*WHAT THE TASK REQUIRES:* Repeat the listing below verbatim, without its images.

*MATERIAL PROVIDED:*
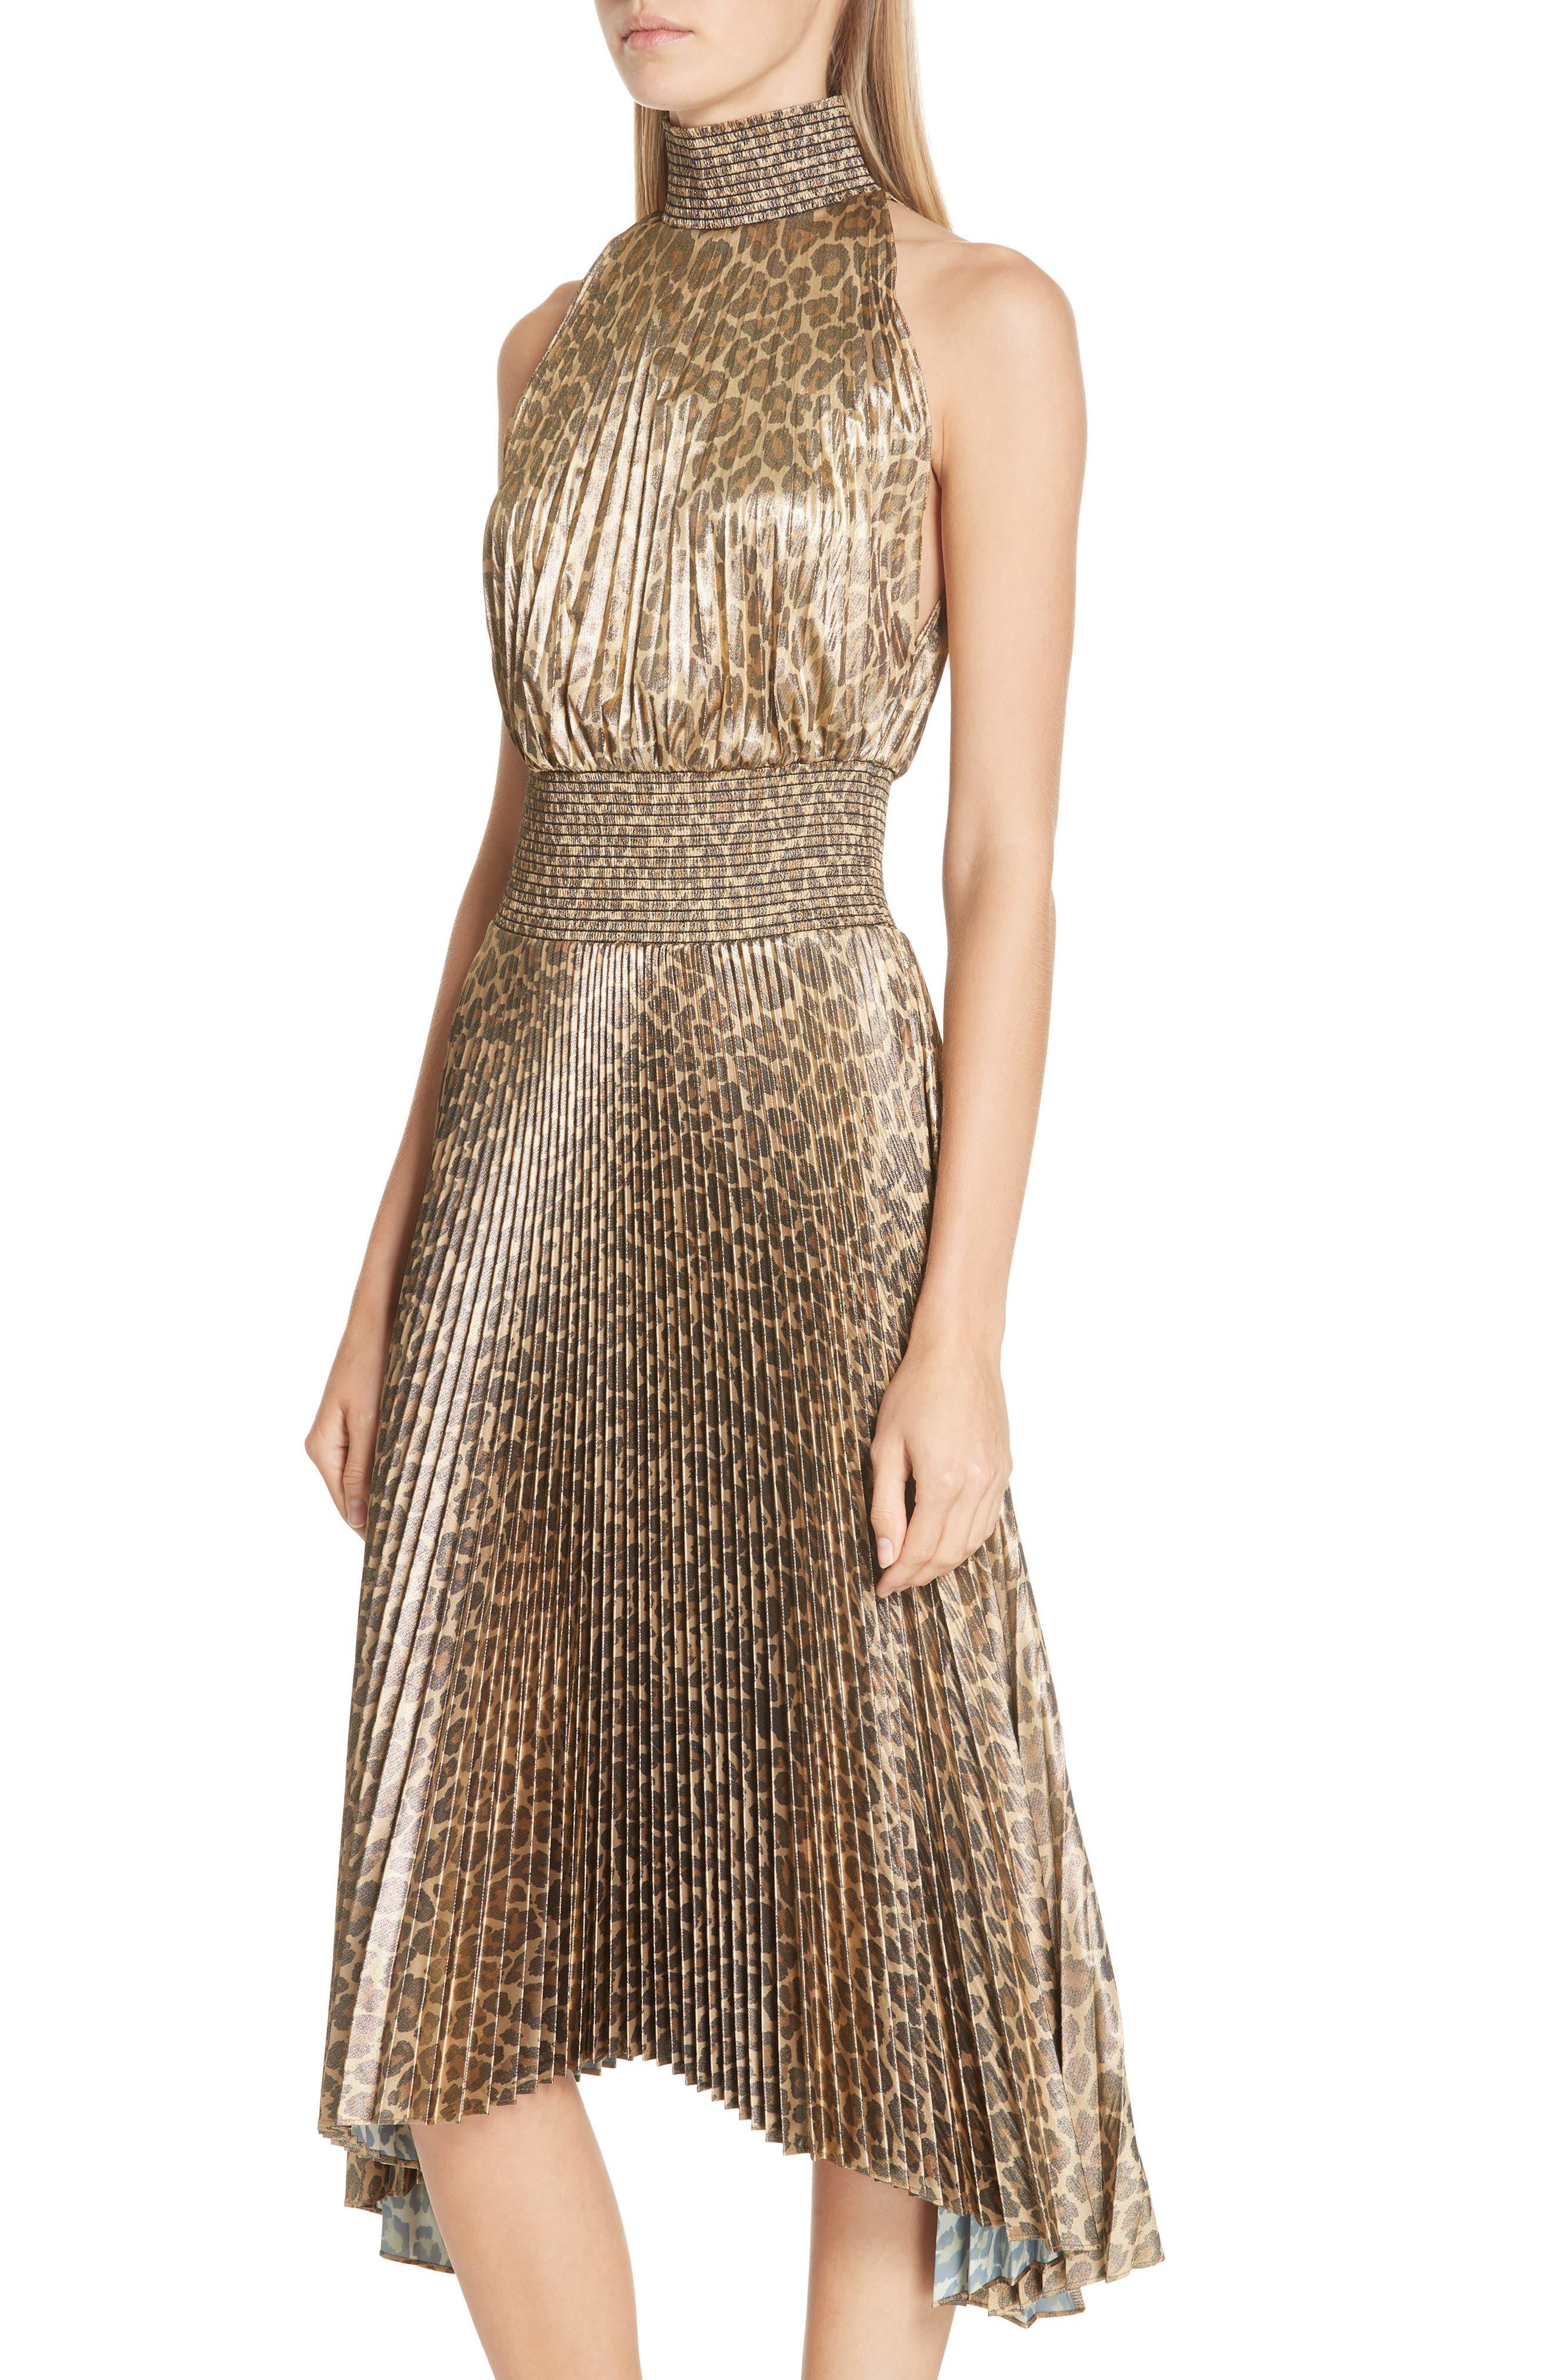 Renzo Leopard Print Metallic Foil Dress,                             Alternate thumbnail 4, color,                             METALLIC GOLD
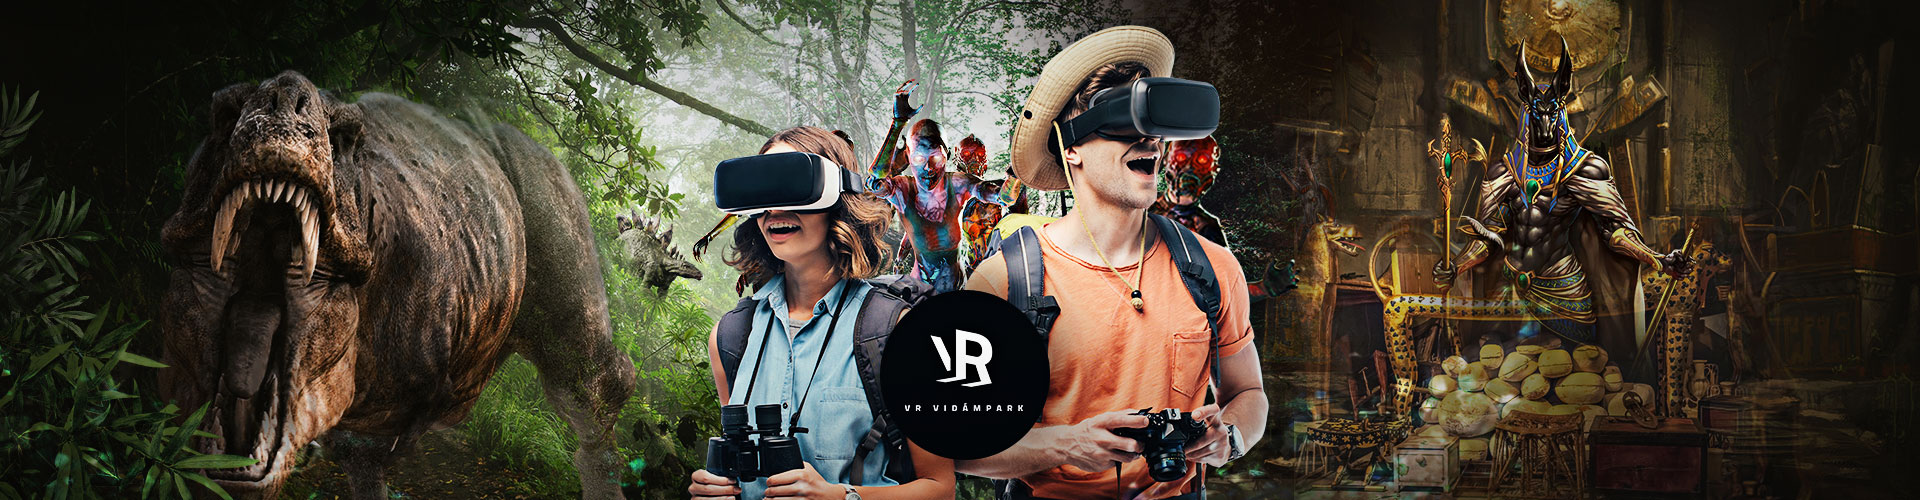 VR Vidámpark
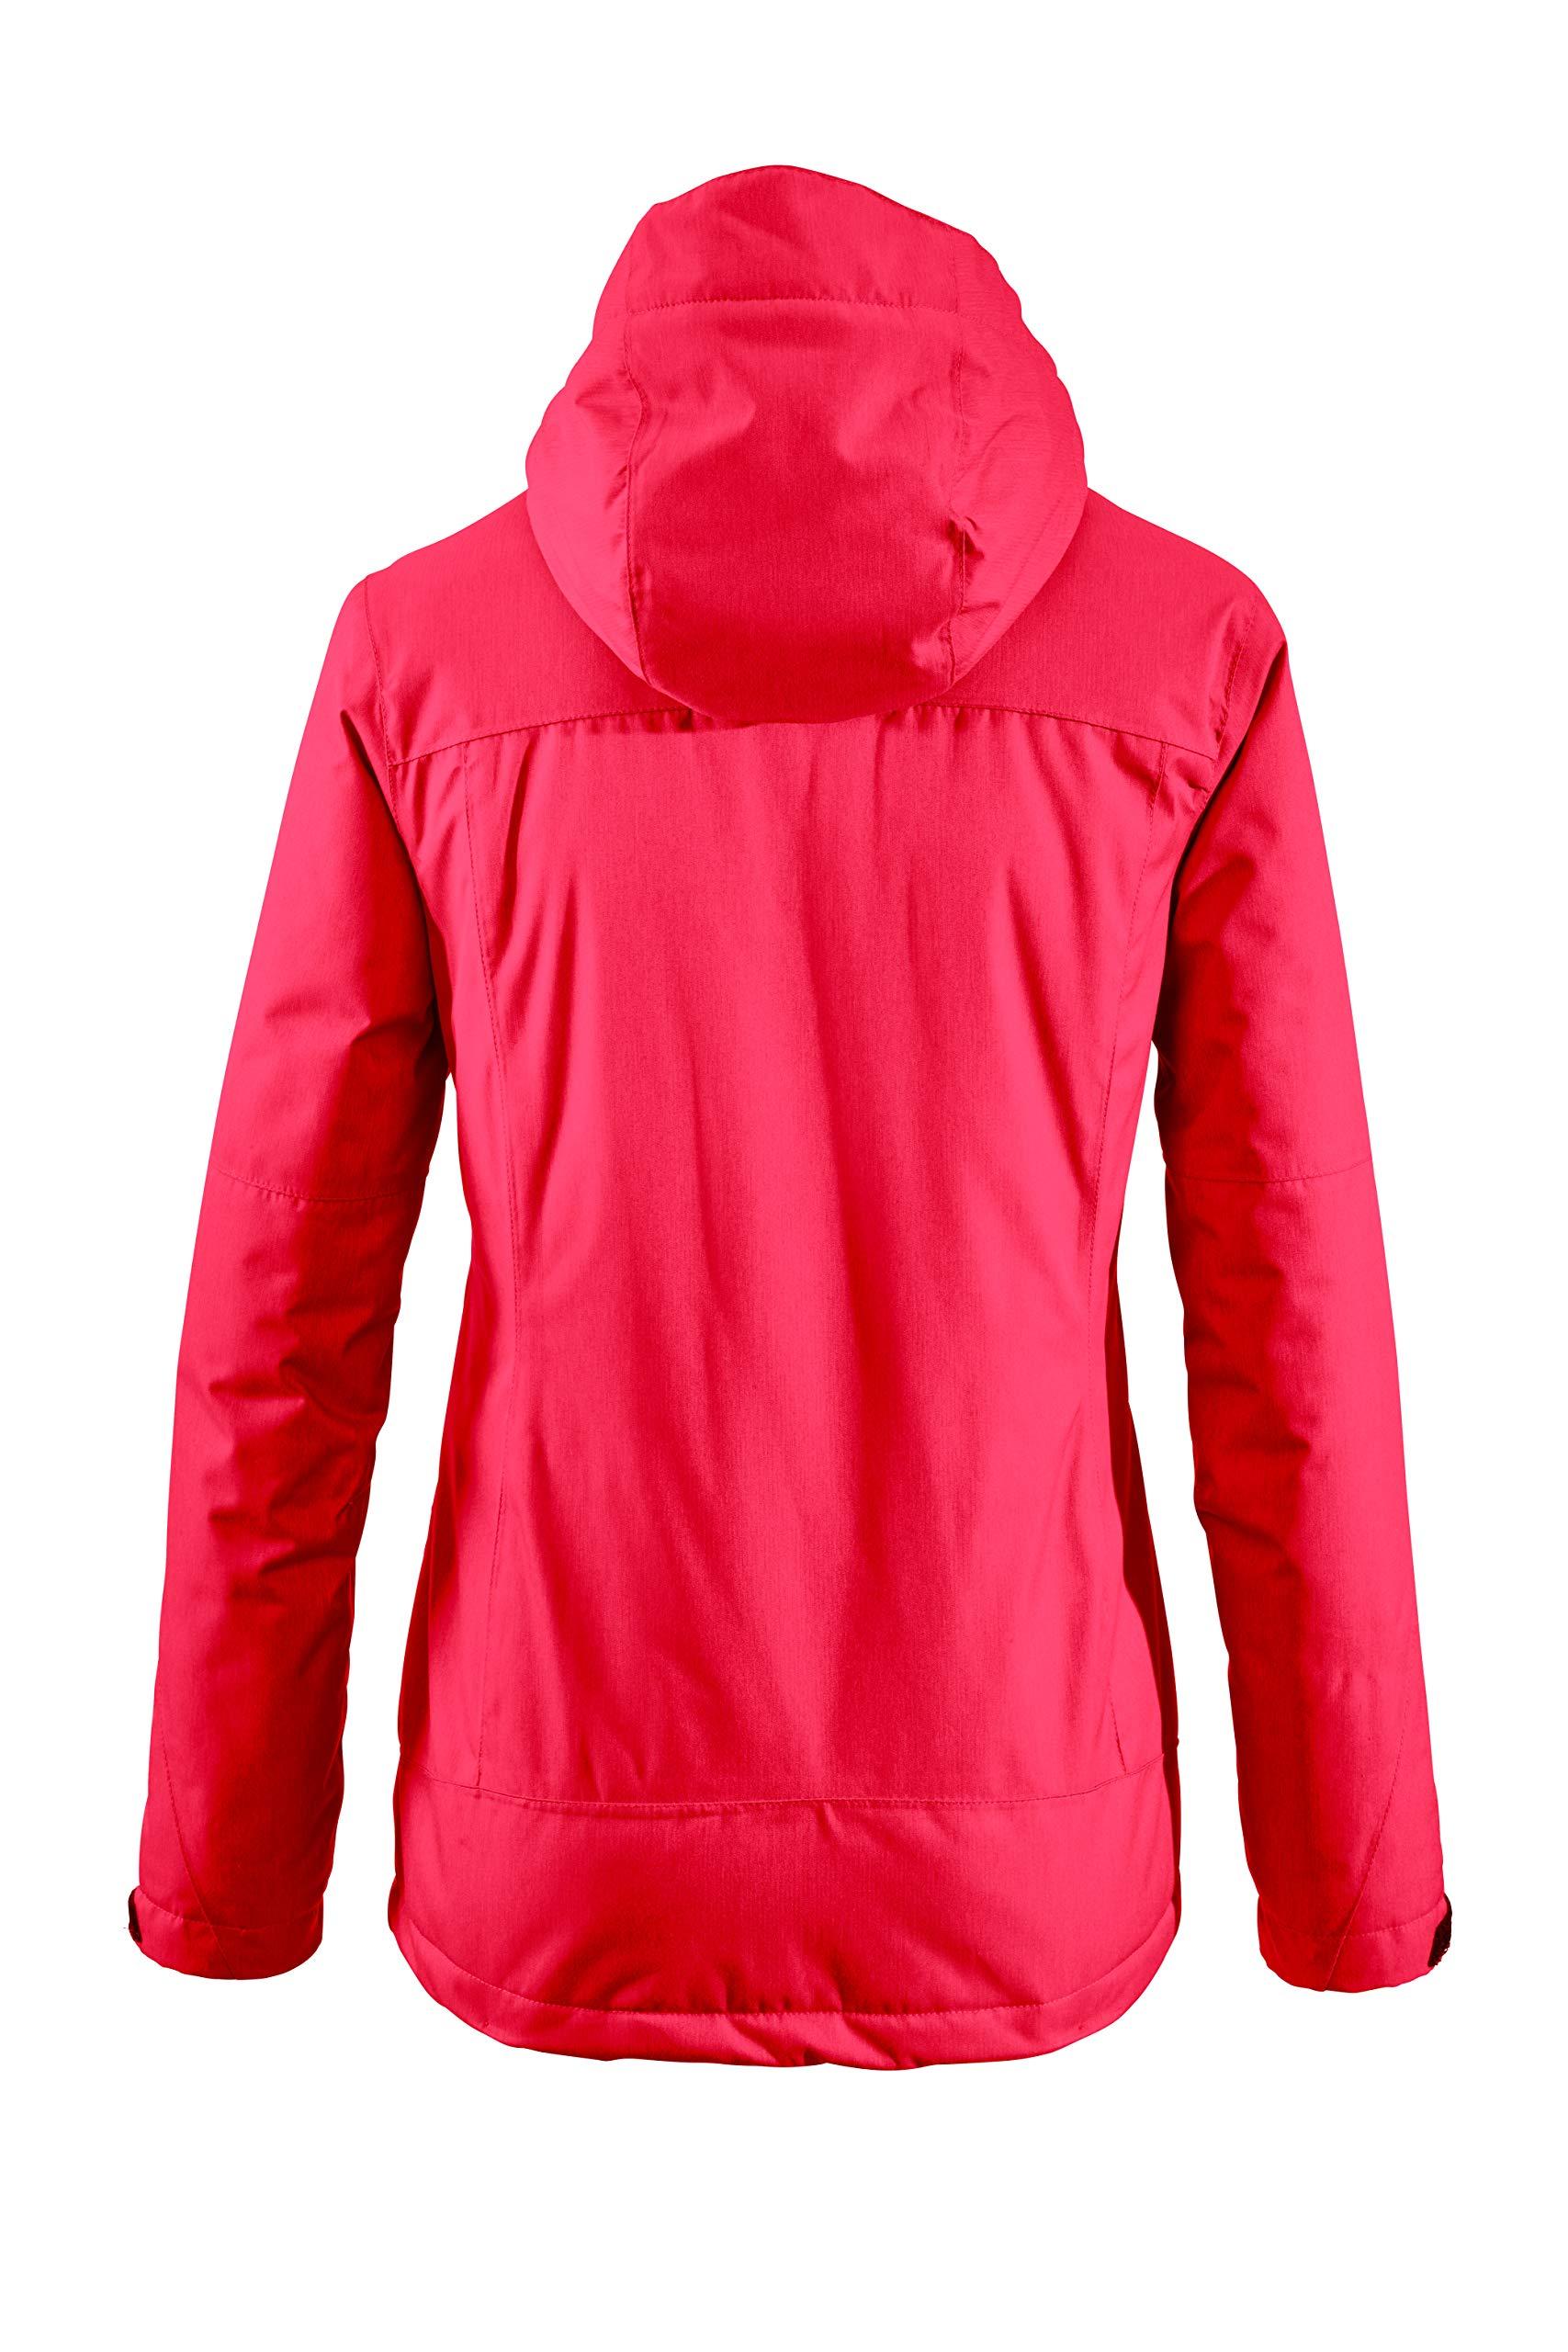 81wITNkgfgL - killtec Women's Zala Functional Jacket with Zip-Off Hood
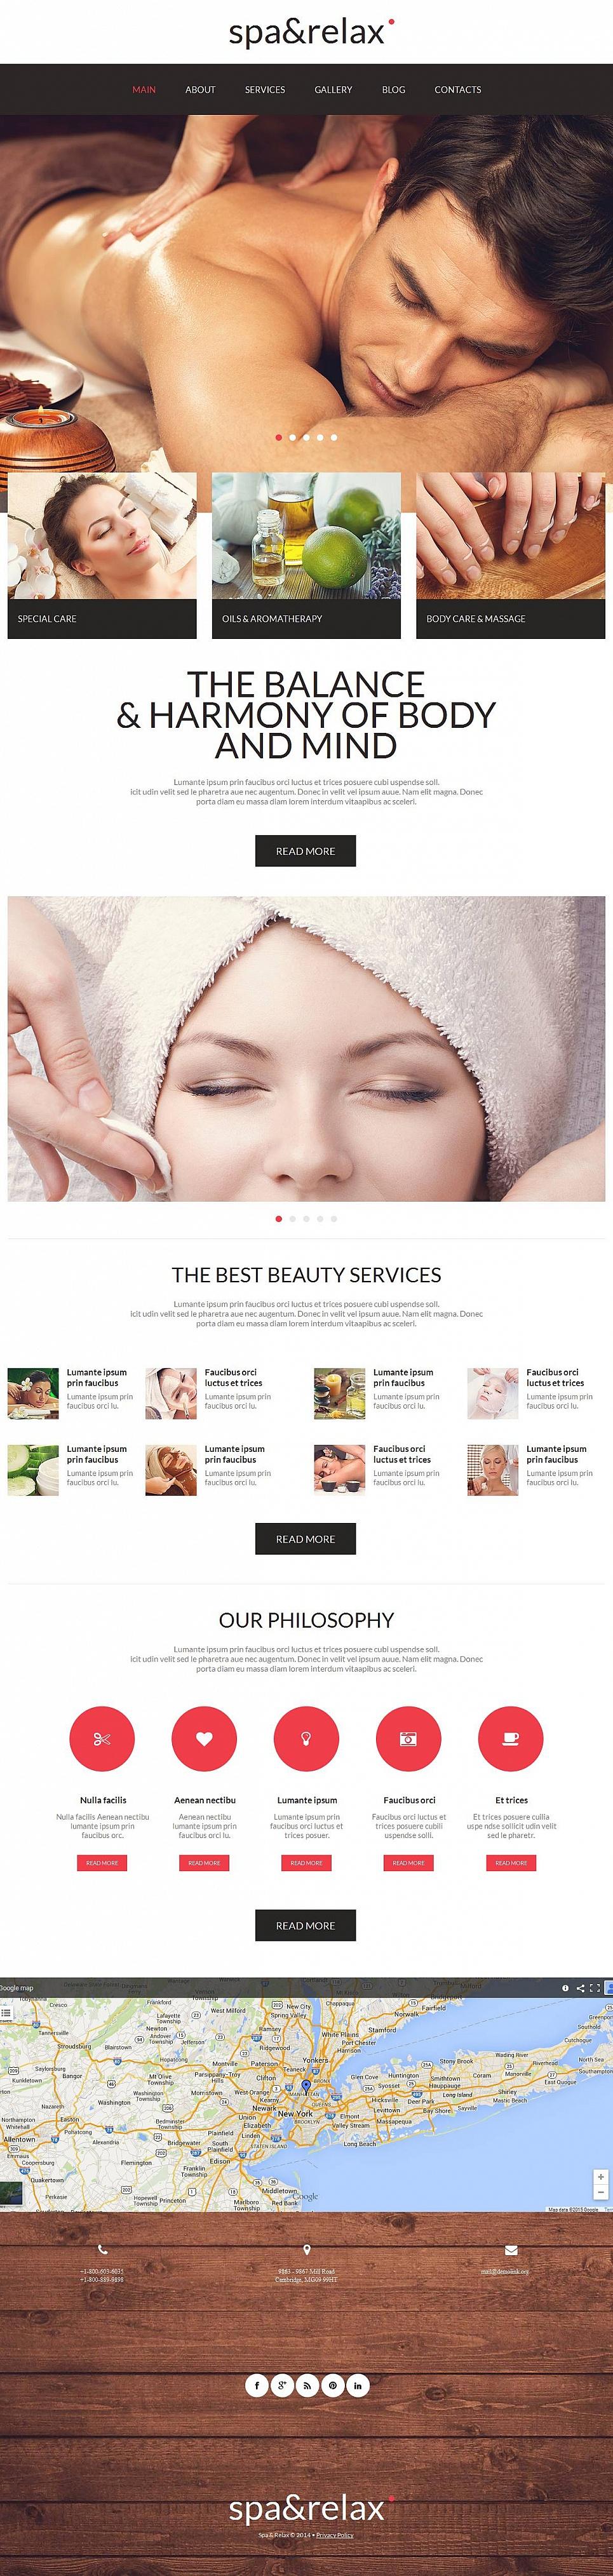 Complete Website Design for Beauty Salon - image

*RESULT OF THIS TASK:*
 Renzo Leopard Print Metallic Foil Dress,                             Alternate thumbnail 4, color,                             METALLIC GOLD
 VR Vidámpark
 81wITNkgfgL - killtec Women's Zala Functional Jacket with Zip-Off Hood
 Complete Website Design for Beauty Salon - image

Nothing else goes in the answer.